>>>>
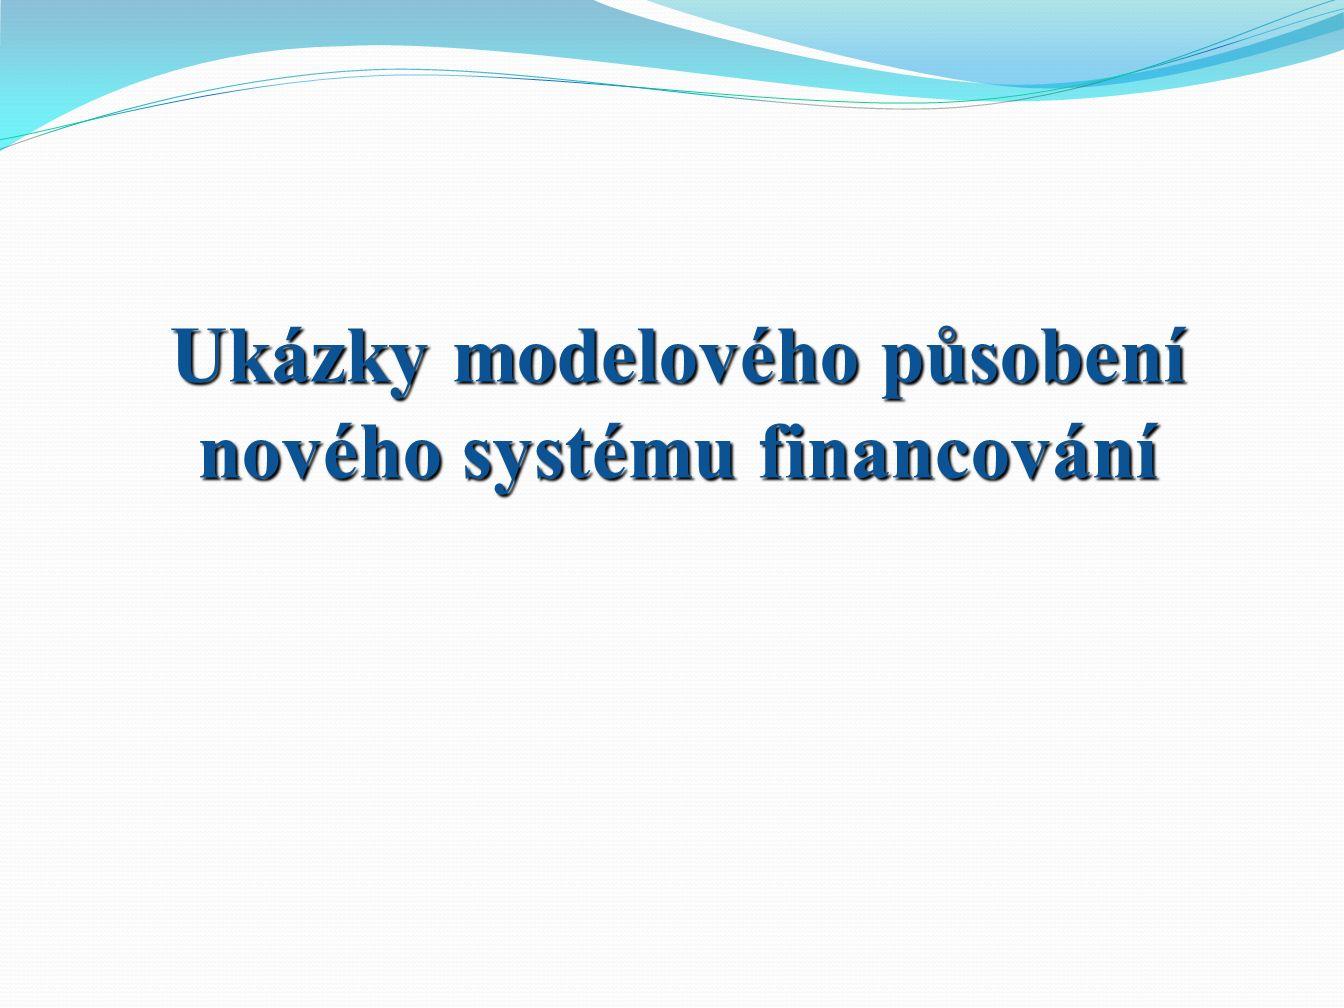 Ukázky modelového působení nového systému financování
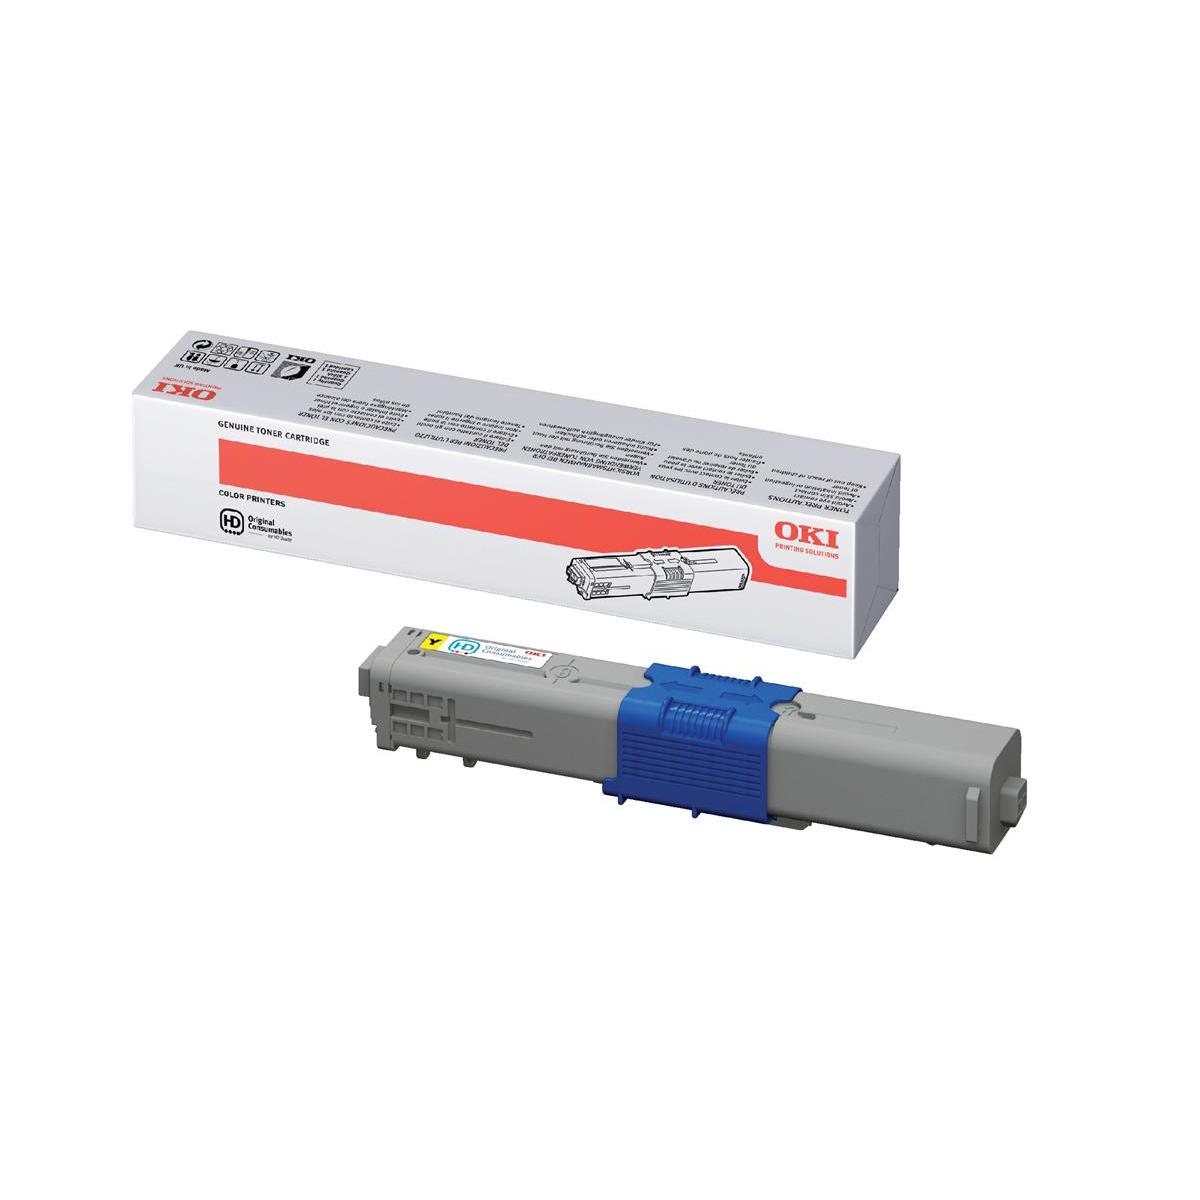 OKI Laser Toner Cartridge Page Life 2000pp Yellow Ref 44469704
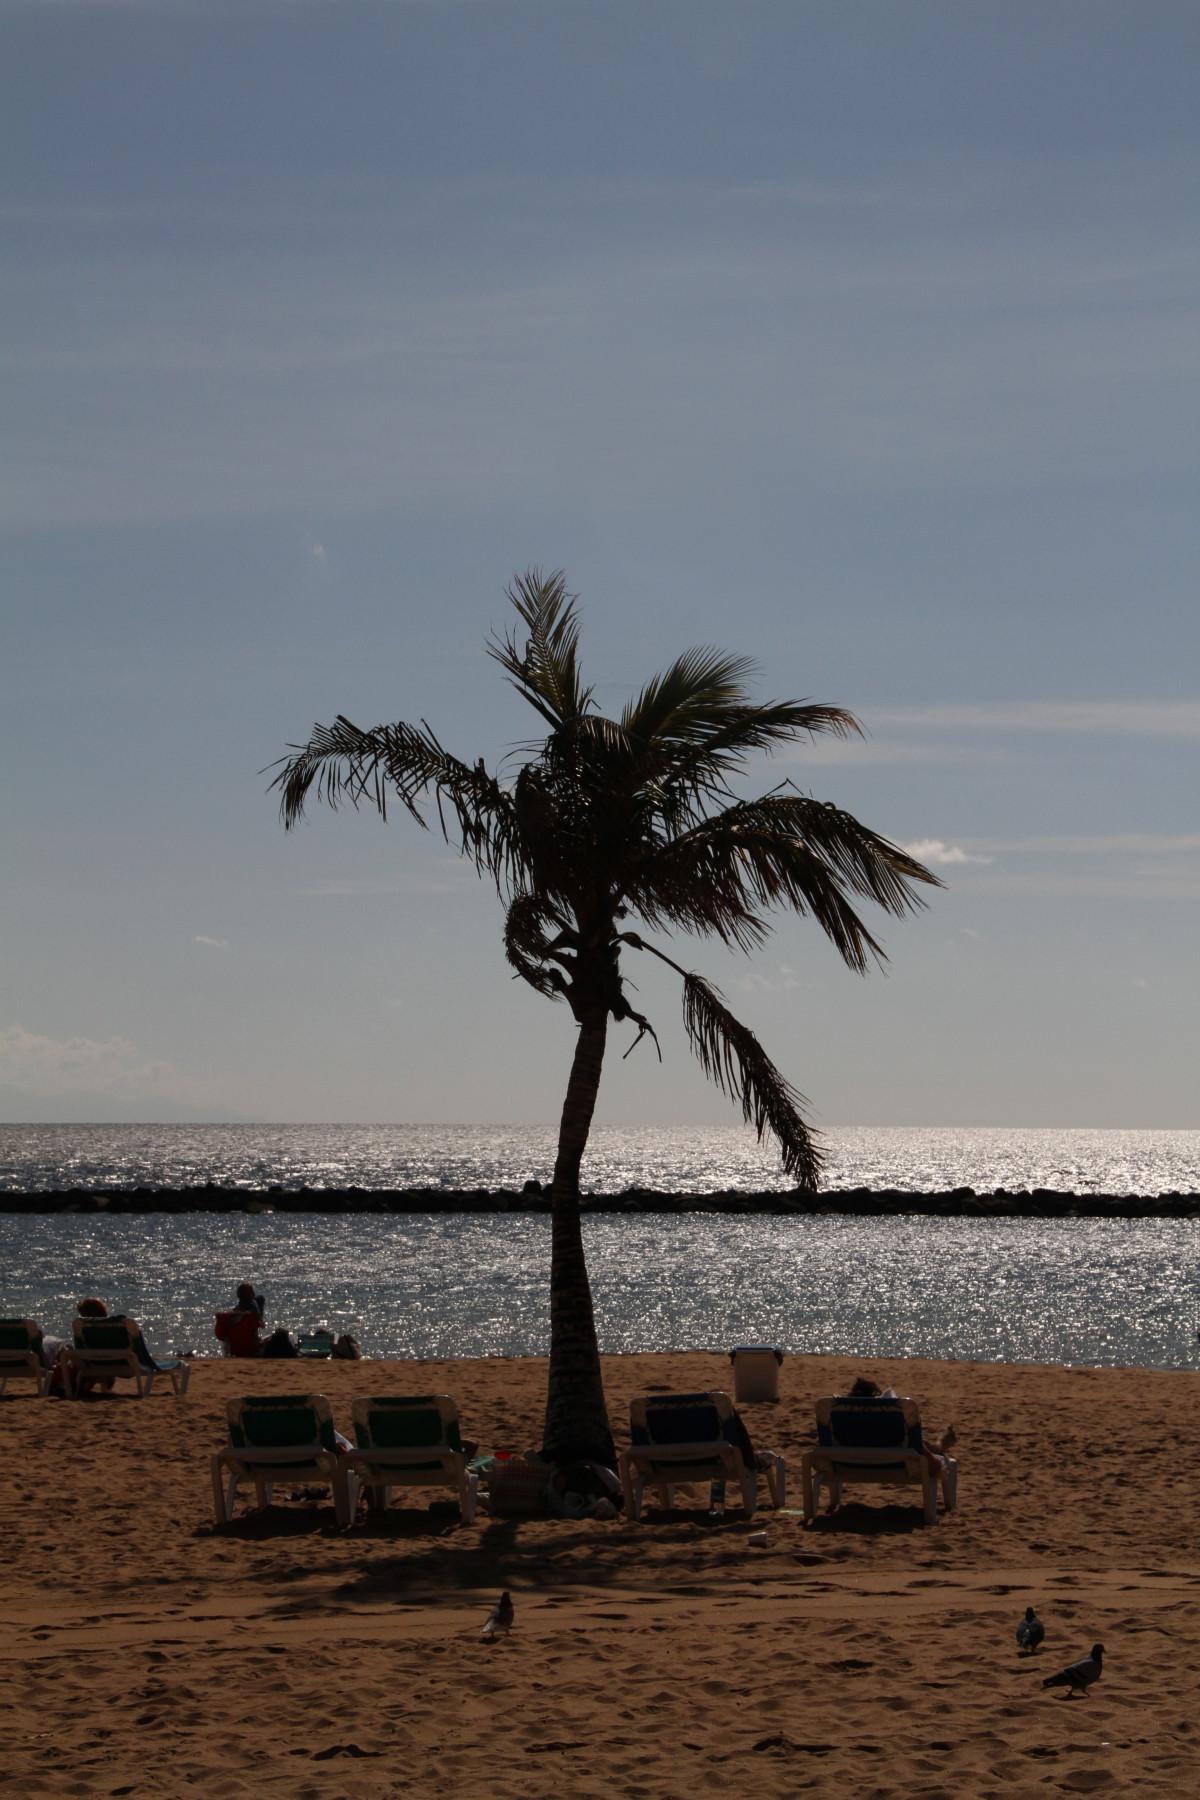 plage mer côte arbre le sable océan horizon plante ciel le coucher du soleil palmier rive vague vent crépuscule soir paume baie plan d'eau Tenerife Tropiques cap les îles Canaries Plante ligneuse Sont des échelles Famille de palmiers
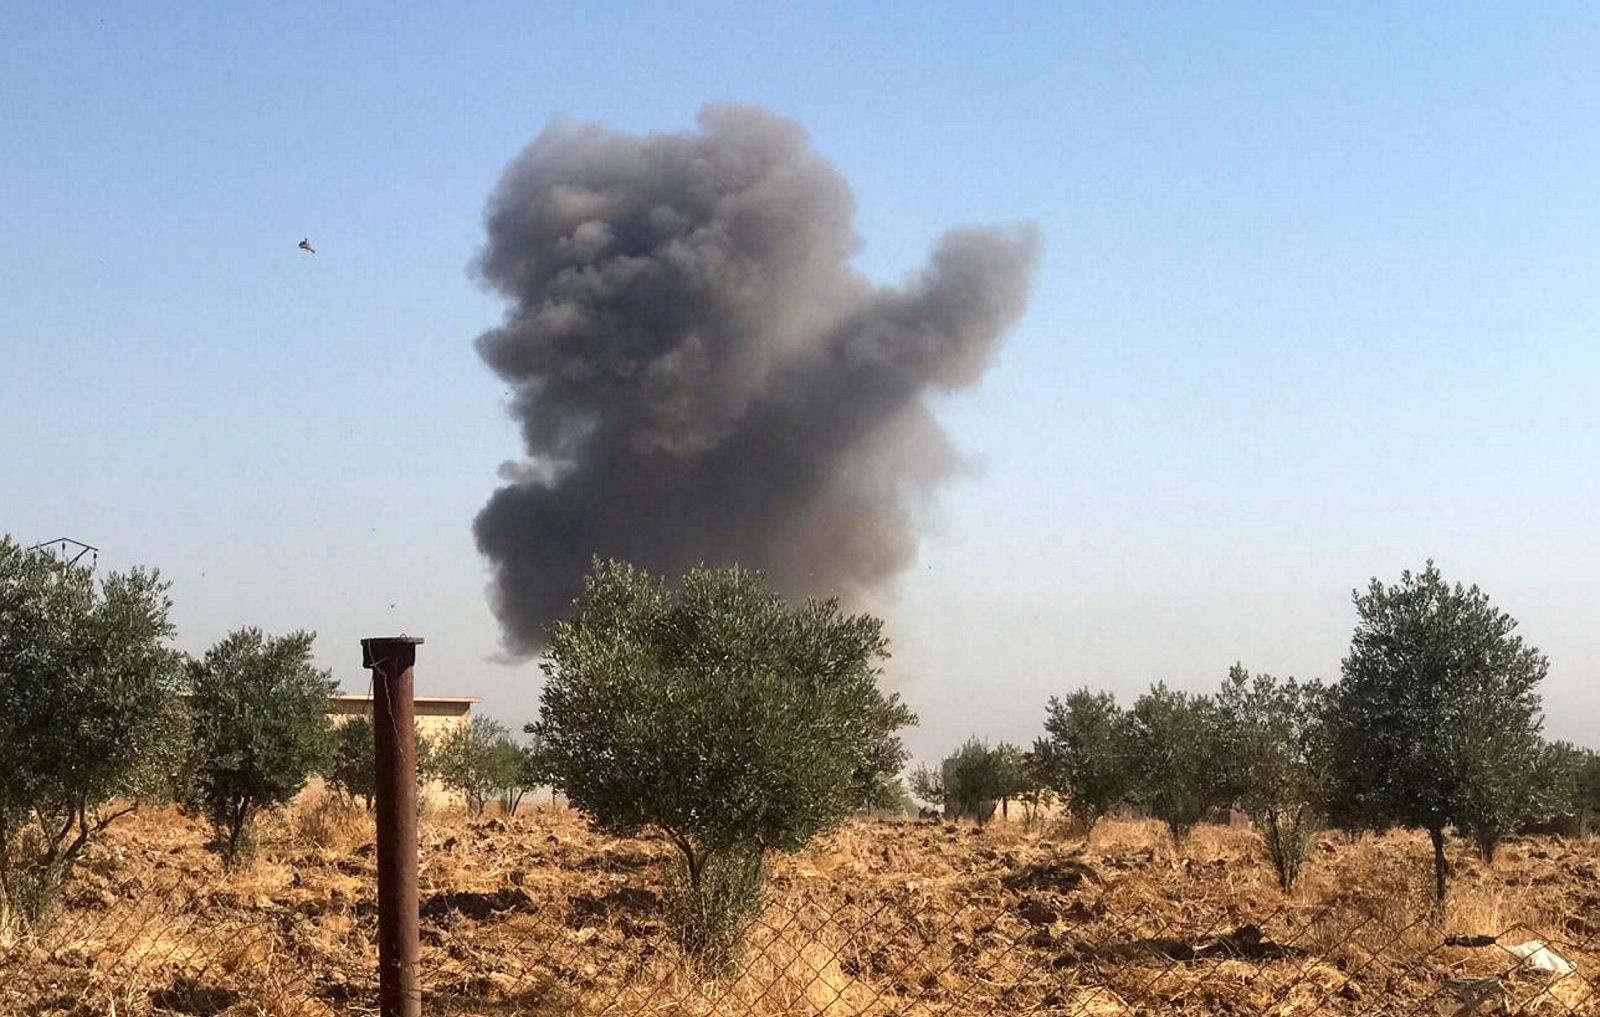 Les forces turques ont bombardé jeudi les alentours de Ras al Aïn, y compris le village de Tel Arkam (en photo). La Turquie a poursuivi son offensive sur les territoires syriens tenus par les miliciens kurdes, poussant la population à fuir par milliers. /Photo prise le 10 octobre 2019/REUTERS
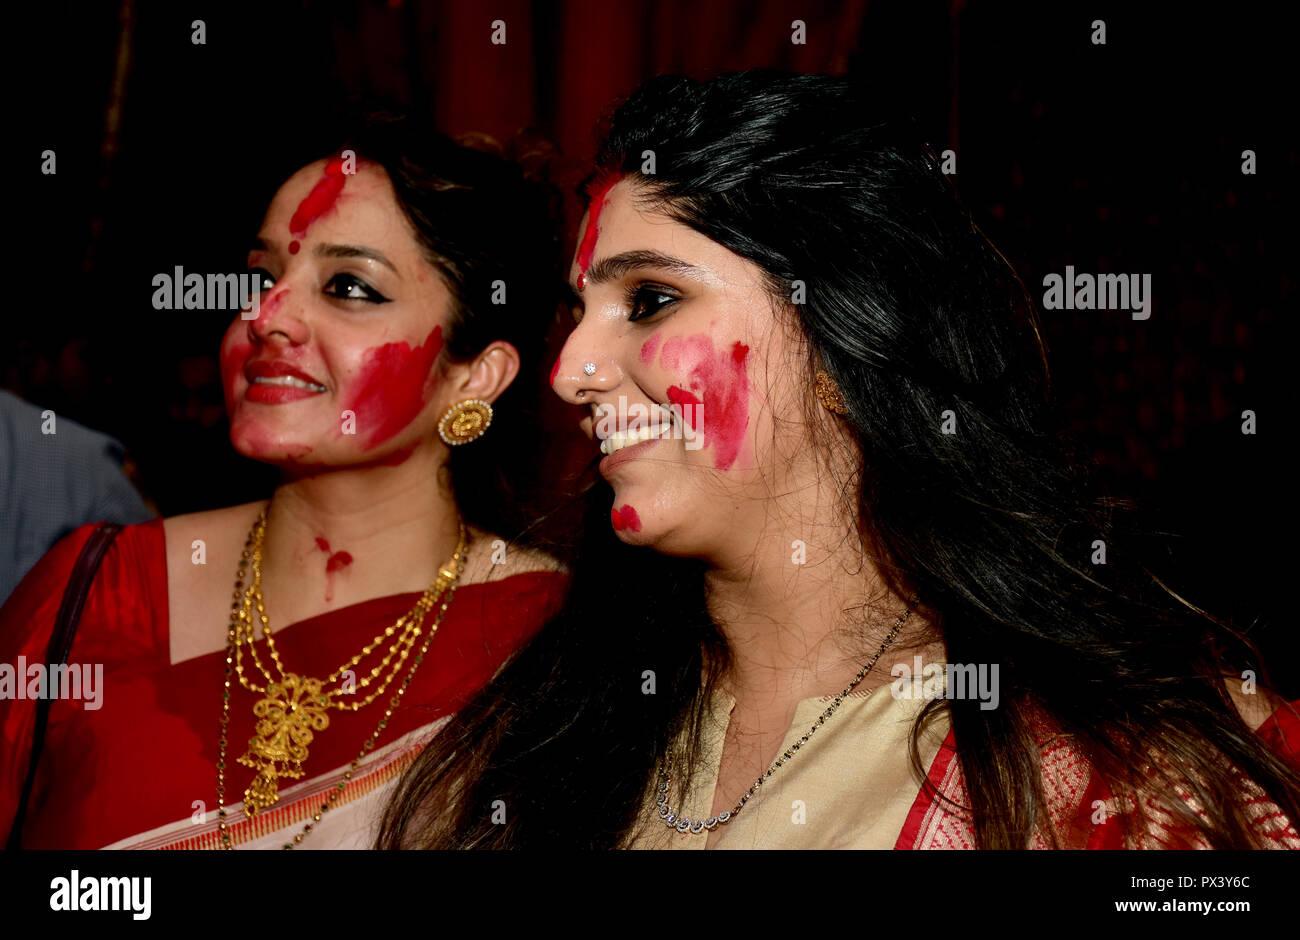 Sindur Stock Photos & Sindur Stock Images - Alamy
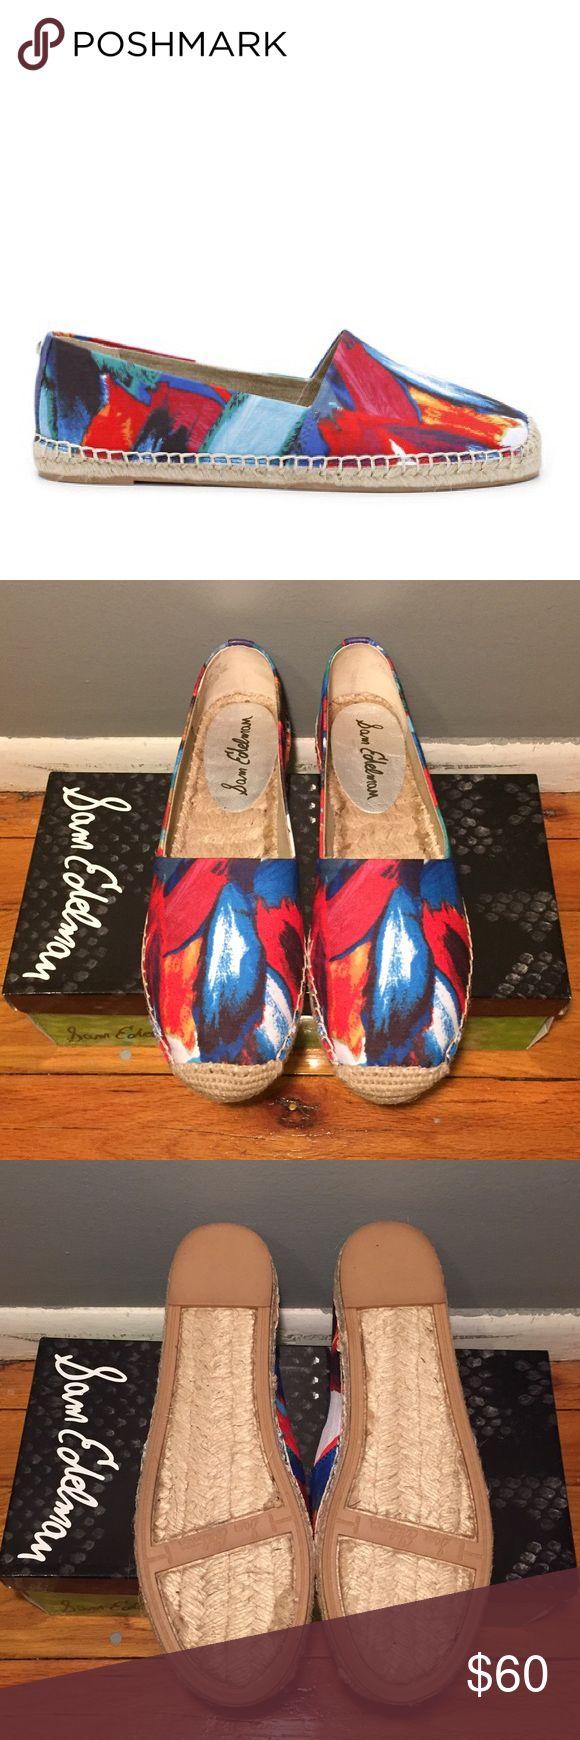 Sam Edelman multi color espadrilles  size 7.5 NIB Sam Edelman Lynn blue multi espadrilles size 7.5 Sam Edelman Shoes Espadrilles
<<<<
Word for word, restate the lines from the one containing "Sindur Stock Photos" through the end of the entries. Do not include pictures.

## Answer box
 Sindur Stock Photos & Sindur Stock Images - Alamy
 Sam Edelman multi color espadrilles  size 7.5 NIB Sam Edelman Lynn blue multi espadrilles size 7.5 Sam Edelman Shoes Espadrilles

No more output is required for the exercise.